## Work item
The whole listing that follows is to be restated word for word, images excluded.

## Stored data
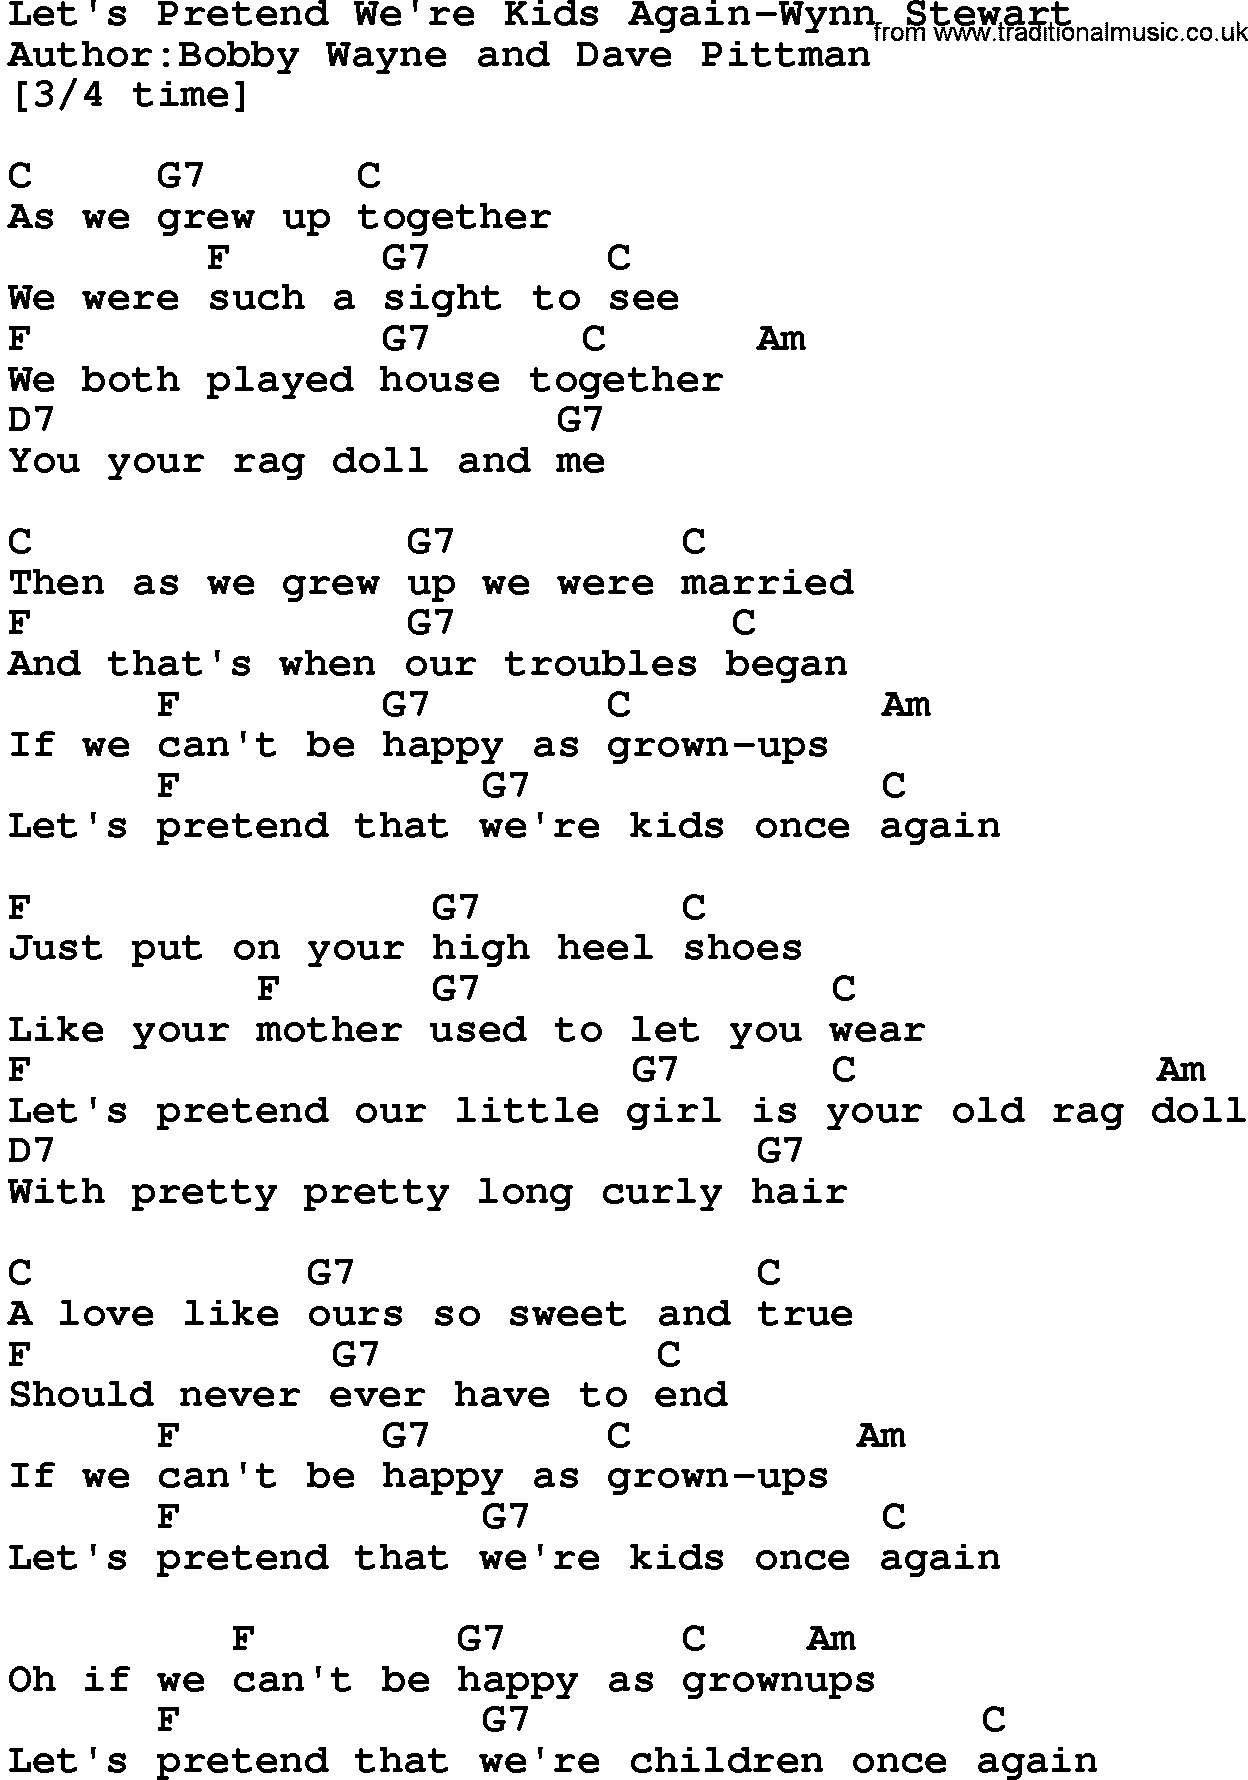 Country music song: Let's Pretend We're Kids Again-Wynn Stewart lyrics and chords
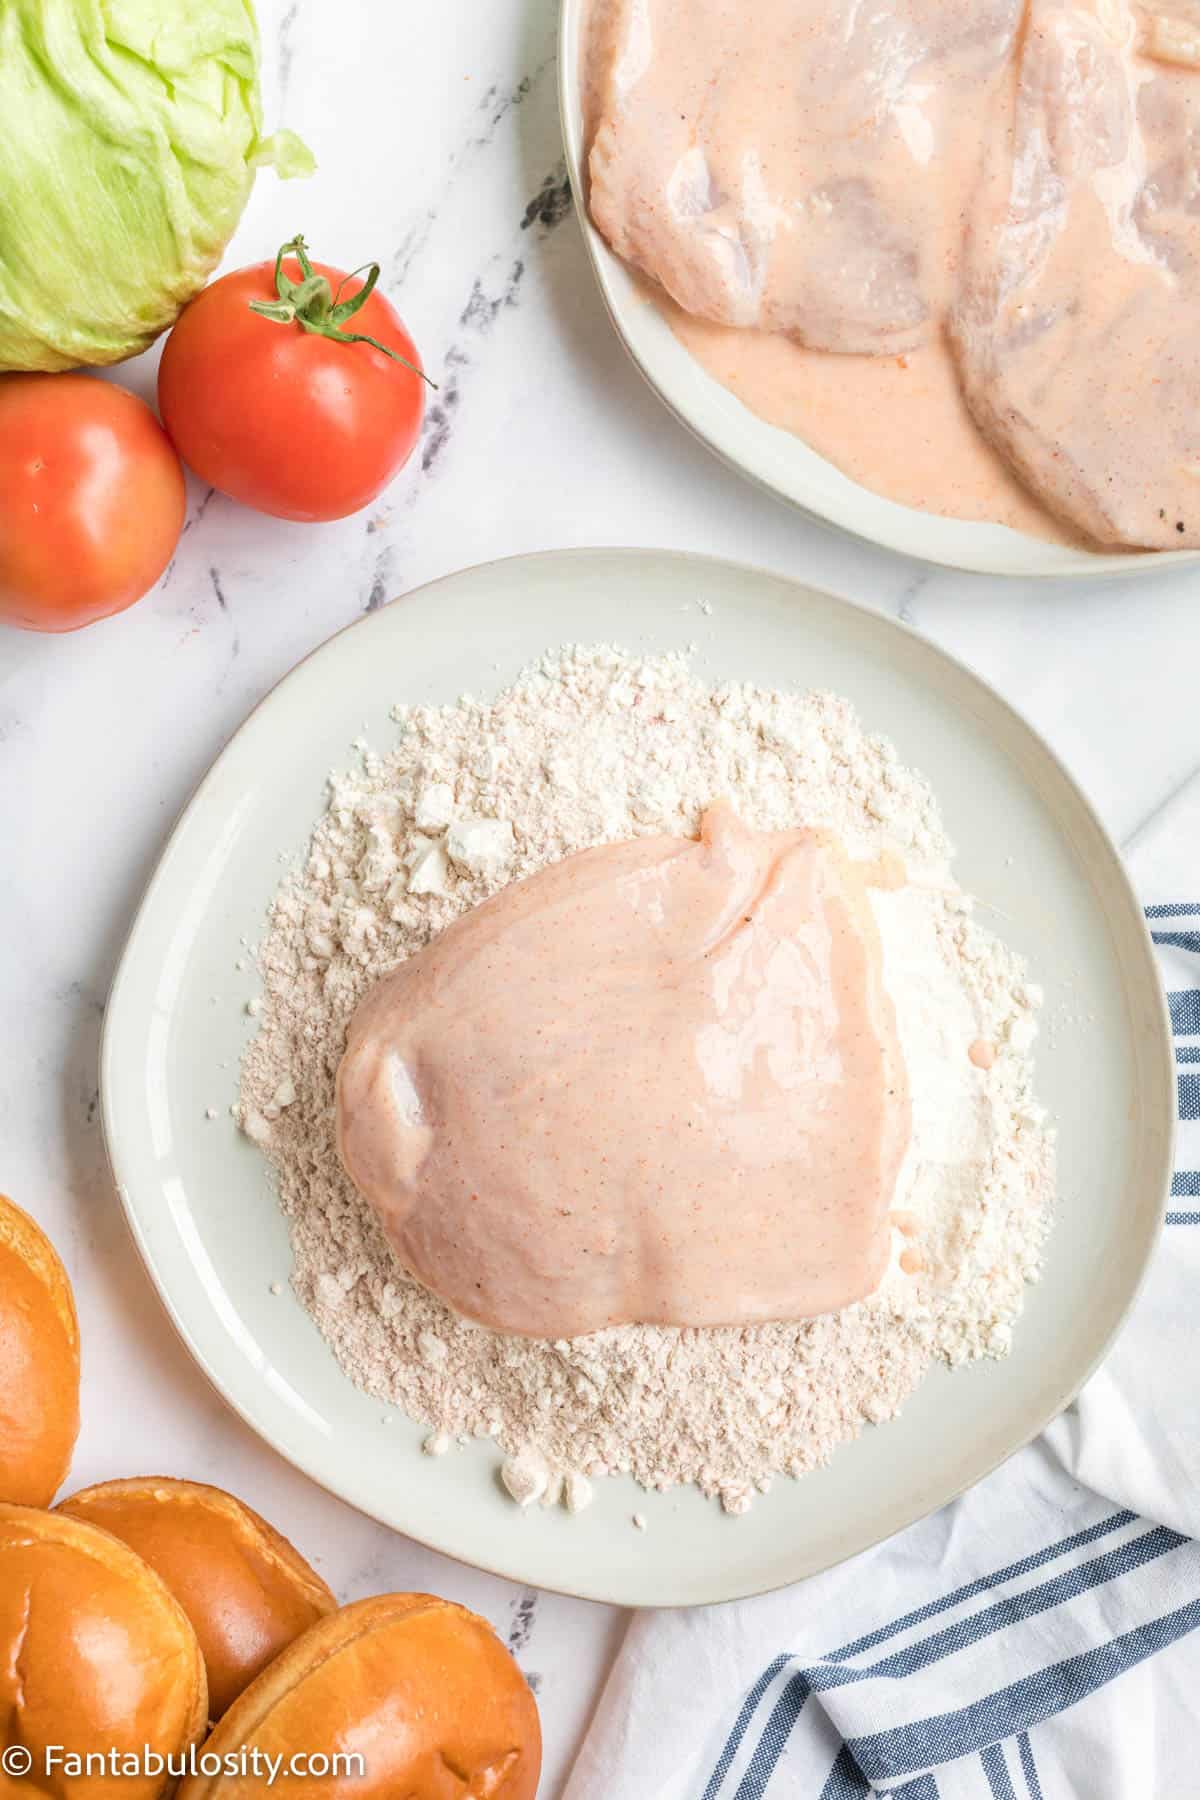 After dipping your chicken in the marinade mixture, coat it in the seasoned flour.
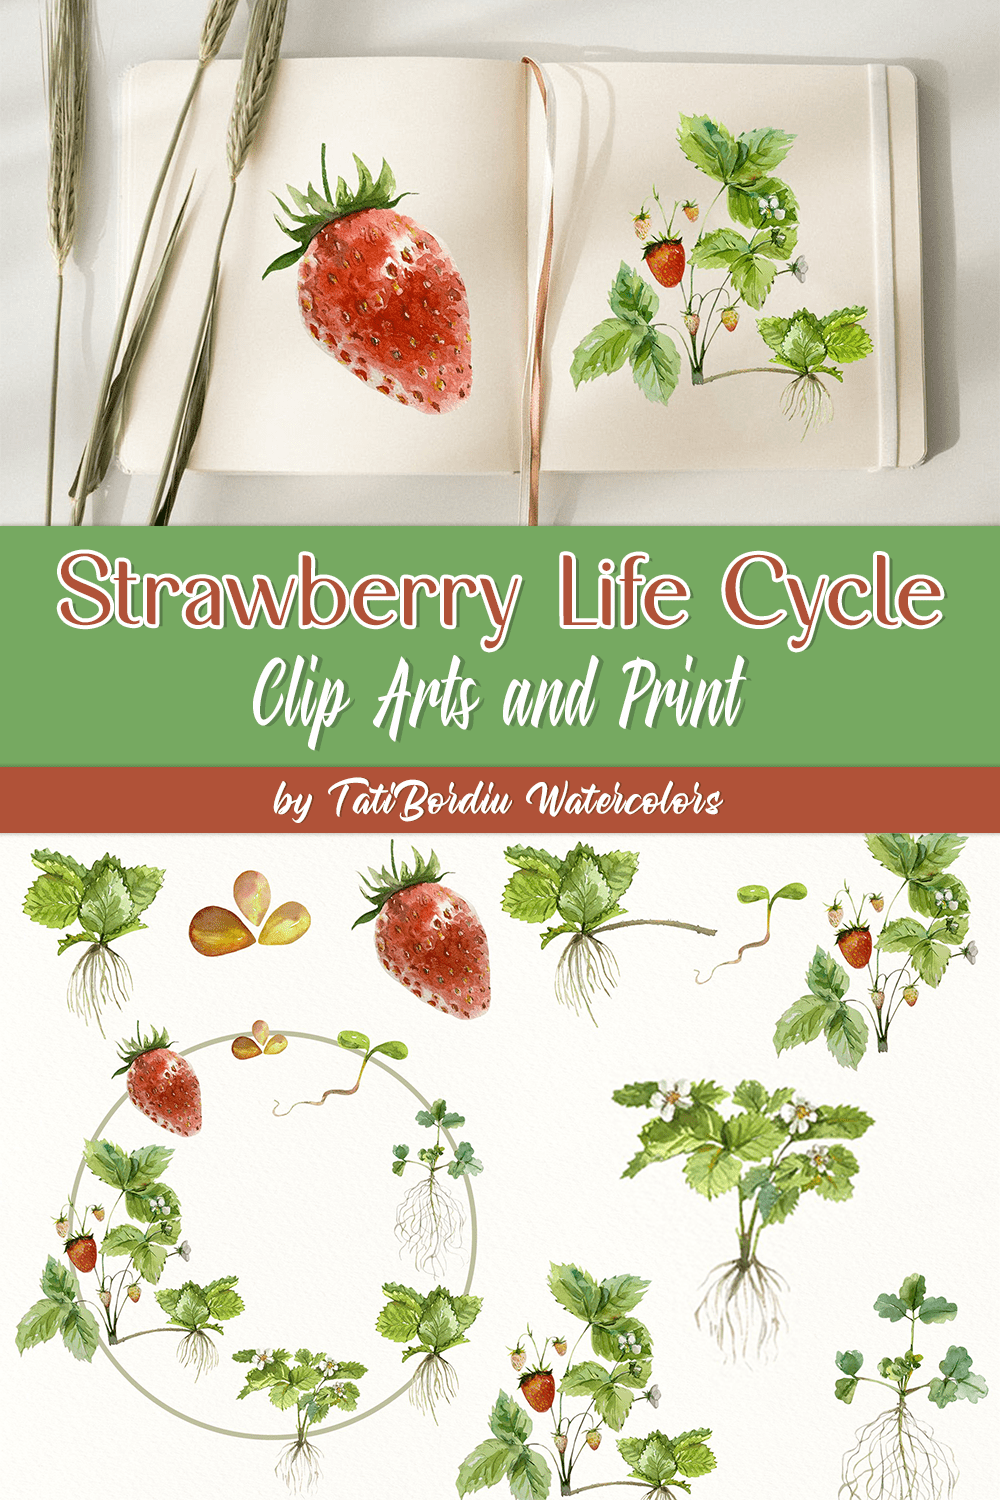 Strawberry Life Cycle Clip Arts and Print - pinterest image preview.

## Output for this task
 Country music song: Let's Pretend We're Kids Again-Wynn Stewart lyrics and chords
 After dipping your chicken in the marinade mixture, coat it in the seasoned flour.
 Strawberry Life Cycle Clip Arts and Print - pinterest image preview.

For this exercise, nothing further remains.